Svolgi un ruolo importante all’interno di Nazione Futura, essendo direttore della rivista cartacea. Quali sono i vostri riferimenti ideologici e le proposte per l’attualità culturale e politica italiana?

I punti di riferimento potrei definirli infiniti, dato che Nazione Futura è un movimento di idee che nasce nel 2017 per essere mezzo di confronto e mediazione tra il mondo culturale e quello politico. All’interno dell’associazione sono presenti molteplici anime ideologiche differenti, che spaziano dai sentimenti conservatori e liberali a quelli della destra sociale. Tali visioni cercano di convivere e condividere un percorso comune, attraverso una mentalità che si rispecchia nel confronto e nella riscoperta della diversità.

Nazione Futura ha recentemente lanciato “L’agenda verde per il centrodestra” volta a sensibilizzare la creazione di un ambientalismo conservatore, che rispetti la natura ma non sfavorisca imprenditori e lavoratori. Quali sono le vostre proposte nel merito?

Il rispetto di imprenditori e lavoratori è la base delle nostre proposte, riteniamo lo sarebbe sempre dovuta essere per chiunque. Il tema dell’ecologismo è diventato molto popolare negli ultimi anni, anche se pure in ambito conservatore è sempre esistito. Tuttavia, si rischia di incappare in una deriva di carattere ideologico, quasi il tema fosse da anteporre agli altri campi di applicazione della vita societaria. Pertanto, l’ecologismo è un singolo campo di essa, da collegare e far coesistere con gli altri, senza però sfavorirne alcuno.

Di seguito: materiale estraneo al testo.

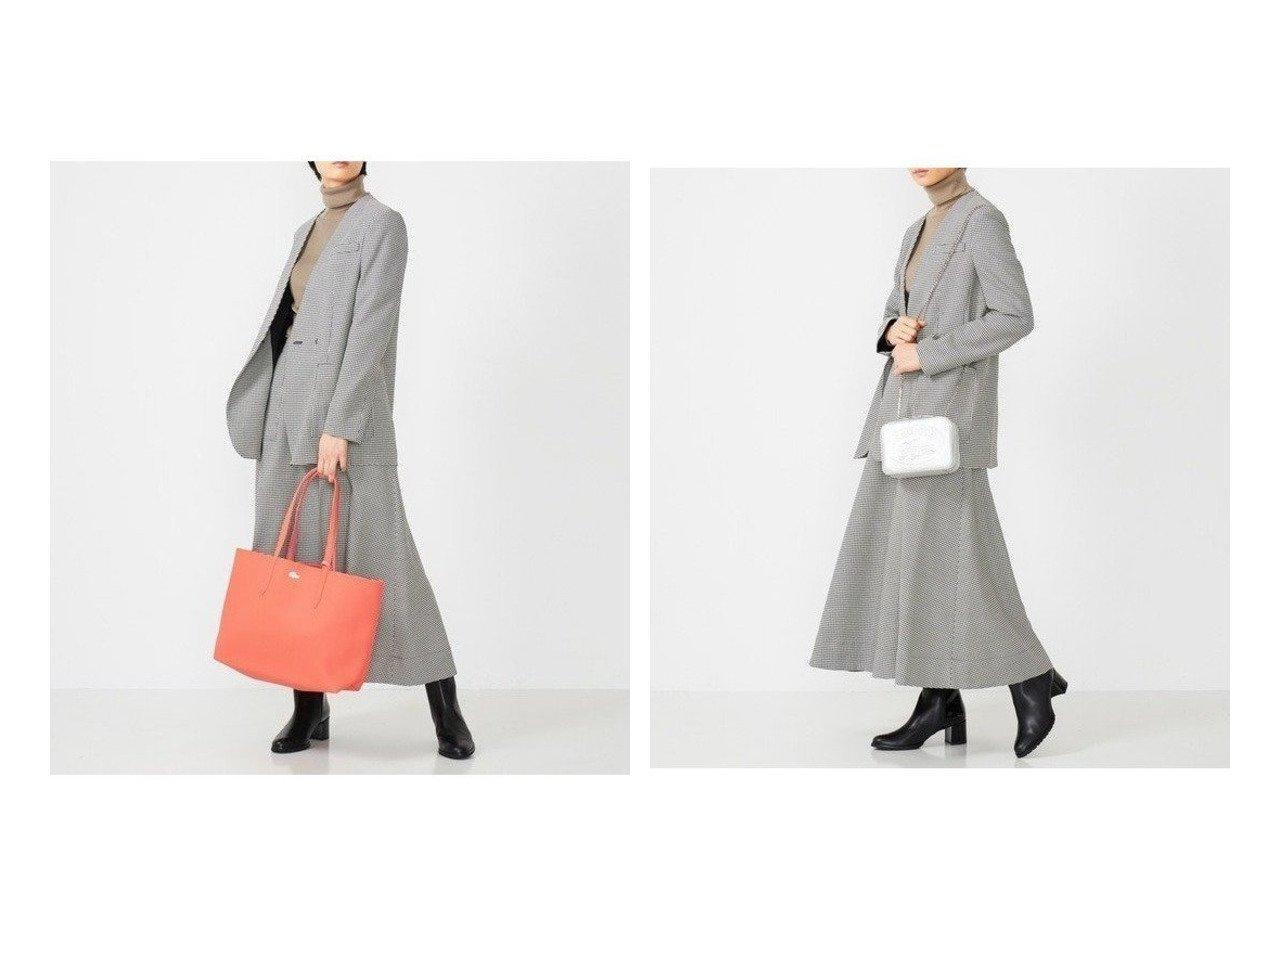 【LACOSTE/ラコステ】のANNA リバーシブル トートバッグ&CROCO CREWチェーンハンドルバッグ バッグ・鞄のおすすめ!人気、トレンド・レディースファッションの通販  おすすめで人気の流行・トレンド、ファッションの通販商品 メンズファッション・キッズファッション・インテリア・家具・レディースファッション・服の通販 founy(ファニー) https://founy.com/ ファッション Fashion レディースファッション WOMEN バッグ Bag リバーシブル エレガント シルバー チェーン ビッグ フロント |ID:crp329100000009108

Sarà possibile ampliare e costruire, in accordo con il centrodestra, un fronte conservatore già in vista delle prossime elezioni politiche?

È ciò di cui si sta discutendo attualmente. Tuttavia, conteranno alla fine sentimento popolare e progetti effettivi dei partiti a lungo termine, da osservare anche a seconda delle discussioni interne ad essi. Anche la geopolitica svolgerà un ruolo fondamentale, con movimenti in ambito conservatore che stanno avvenendo in altre nazioni europee, che potrebbero generare ripercussioni in chiave elettorale alle prossime elezioni. Pertanto, sarà fondamentale da quì al voto costruire un fronte compatto e convincente per gli italiani, che superi le divisioni e le distanze presenti anche con il governo attuale tra i partiti del centrodestra.